Скотт изучал мое лицо, хмурясь все больше и больше.

— Они?

Я подняла руки, признавая свое поражение.

— Забудь об этом.

— В записке еще что-то было?

— Я сказала, забей. У тебя есть платок? — Я чувствовала, что глаза опухают, а этап, когда просто шмыганье носом помогает поддерживать его сухим, уже миновал. Как будто этого было еще недостаточно, по щекам скатились две слезинки.

— Эй, — сказал Скотт мягко, взяв меня за плечи. — Все будет хорошо. Не плачь, ладно? Я на твоей стороне. Я помогу тебе разрулить этот бардак.

Когда я перестала сопротивляться, он притянул меня к груди и похлопал по спине. Сначала неуклюже, а потом ритм стал успокаивающим.

— В ночь, когда ты пропала, я скрылся. Для меня здесь небезопасно, но когда я увидел в новостях, что ты вернулась и не можешь ничего вспомнить, мне пришлось выйти из укрытия. Я должен был тебя найти. Я многим тебе обязан.
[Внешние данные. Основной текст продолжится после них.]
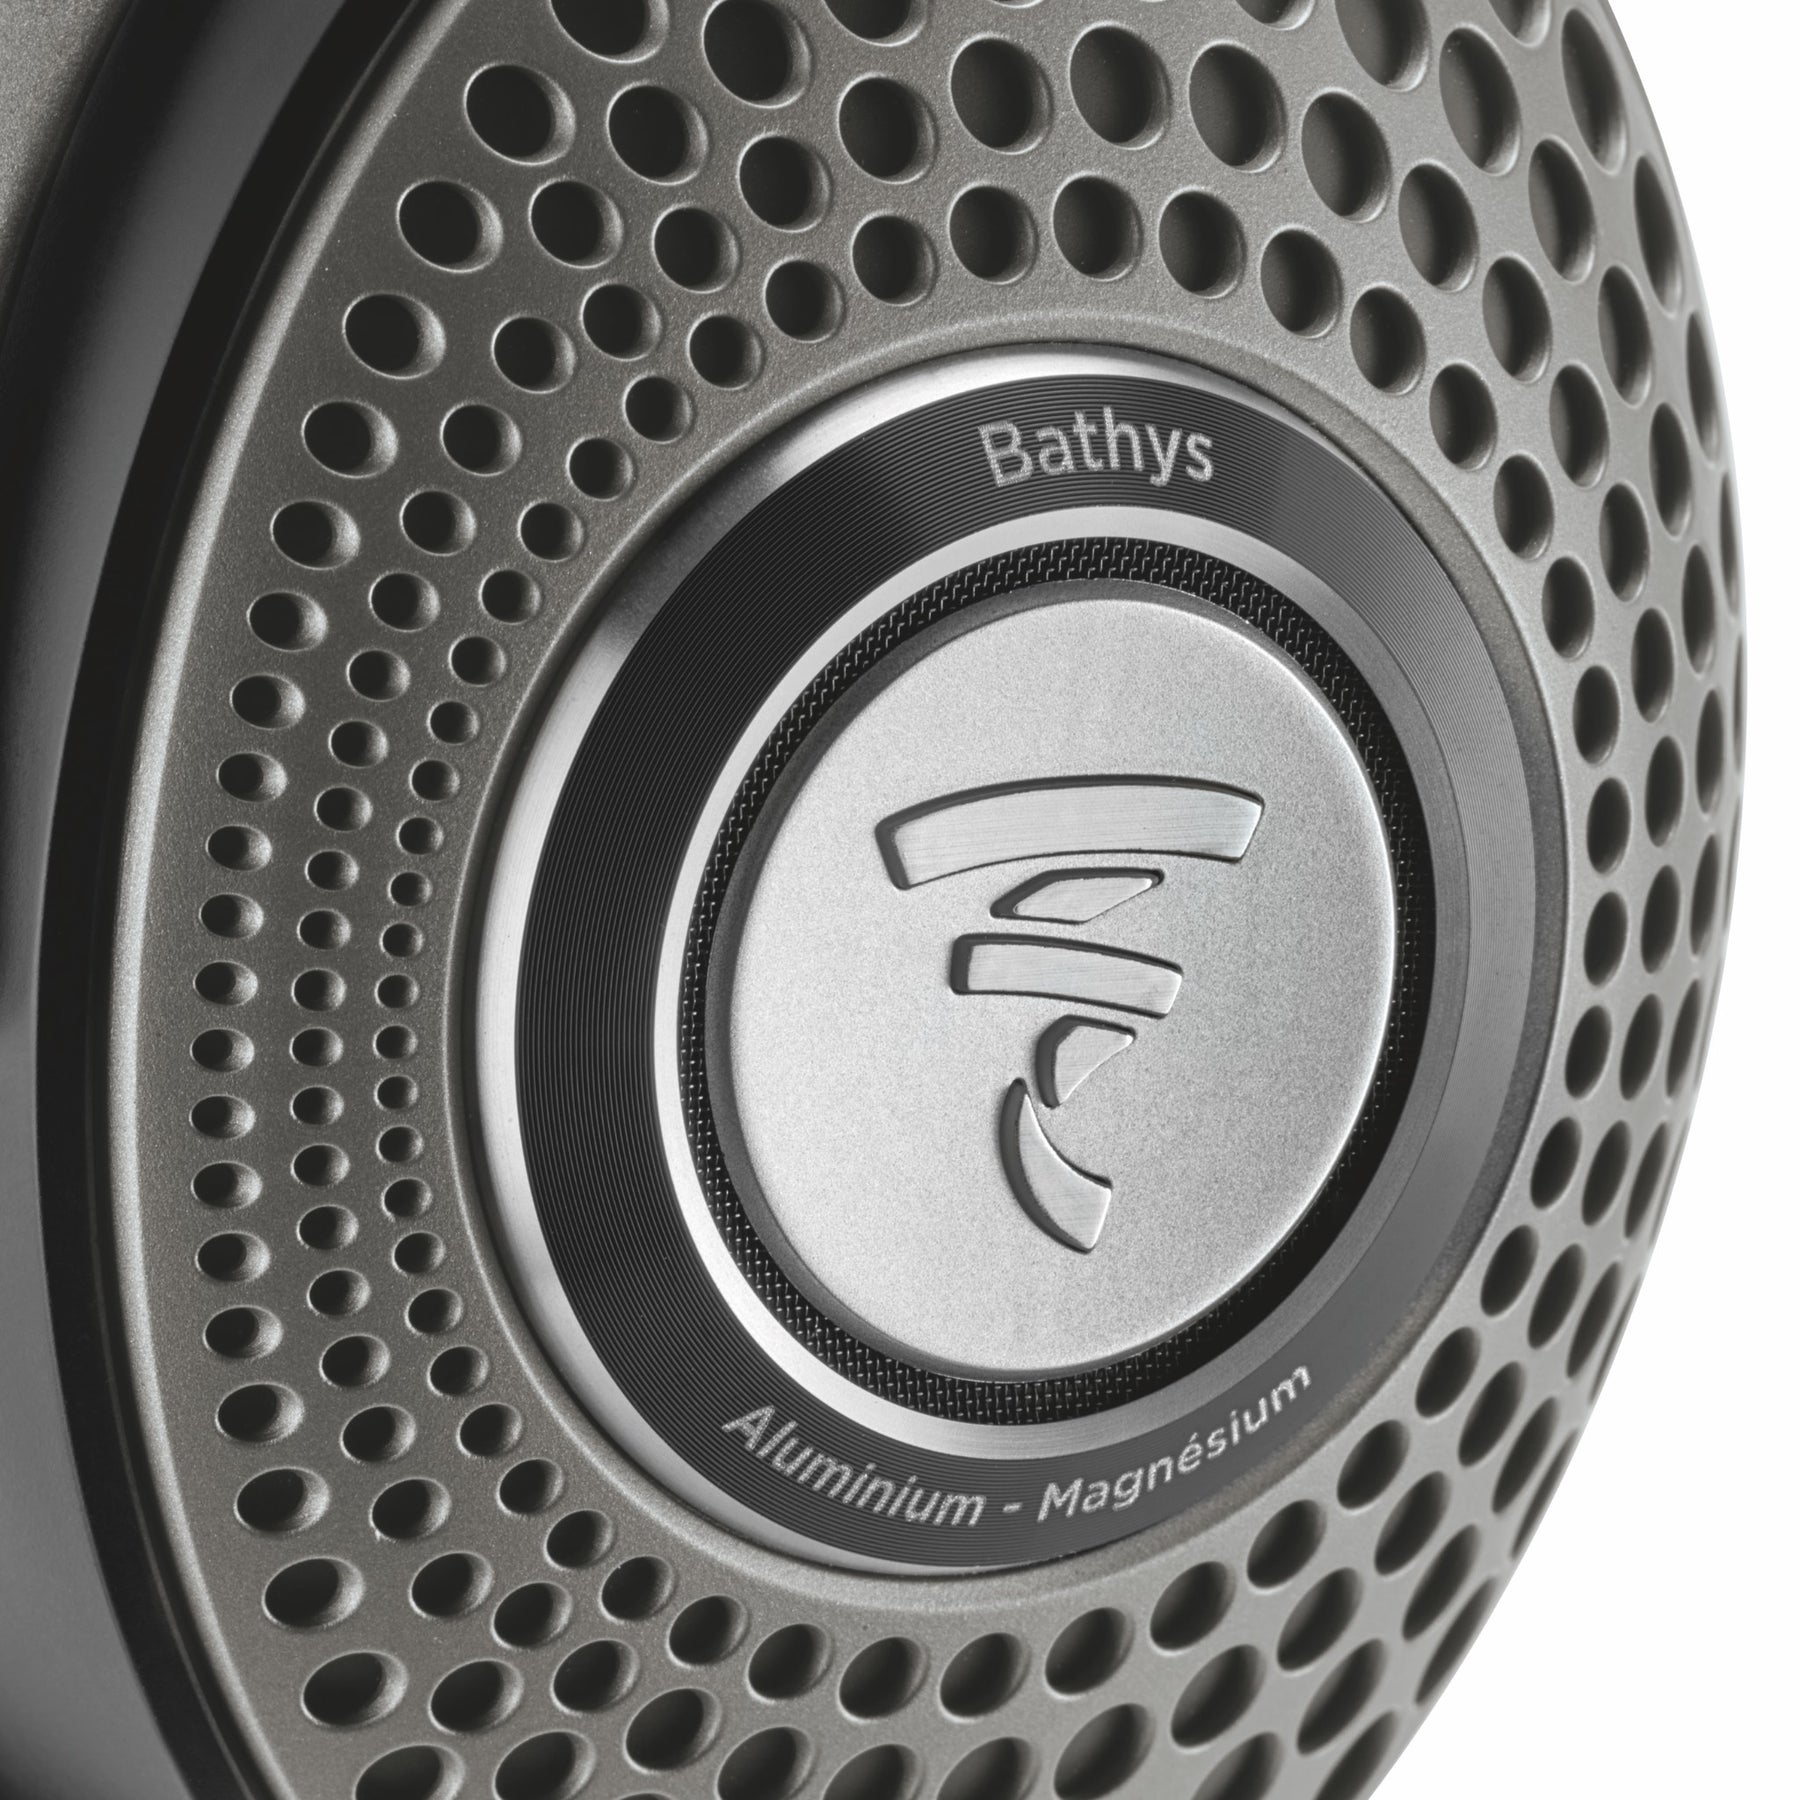 FOCAL BATHYS - esfera audio tienda imagen y sonido

Я знала, что должна отстраниться. Просто потому, что мне хотелось верить Скотту, еще не значит, что я должна ему полностью доверять. Или терять бдительность. Но я устала натыкаться на стены и позволила своей обороне ускользнуть. Я не помню, когда последний раз мне было так хорошо просто от того, что меня кто-то обнимал. В его объятиях я почти заставила себя поверить, что я не один на один со всем этим. Скотт пообещал, что мы вместе пройдем через все, и в это я тоже очень хотела верить. Плюс ко всему, он /знал/ меня. Он был связующим звеном с моим прошлым, и это означало для меня больше, чем я могла выразить словами. После стольких неудачных попыток восстановить хоть какой-то фрагмент, который моя память сочтет нужным мне подкинуть, он появился без всяких усилий с моей стороны. Это было больше, чем я могла просить.

Вытерев глаза тыльной стороной руки, я проговорила:

— Почему для тебя здесь небезопасно?

— Здесь Черная Рука, — как будто вспомнив, что это имя ни о чем мне не говорит, он сказал: — Просто чтобы удостовериться, что мы на одной волне, ты ничего не помнишь об этом? Я имею в виду, ничего в смысле /ничего/?

— Ничего. — С этим словом я как будто очутилась в начале запретного лабиринта, простирающегося до самого горизонта.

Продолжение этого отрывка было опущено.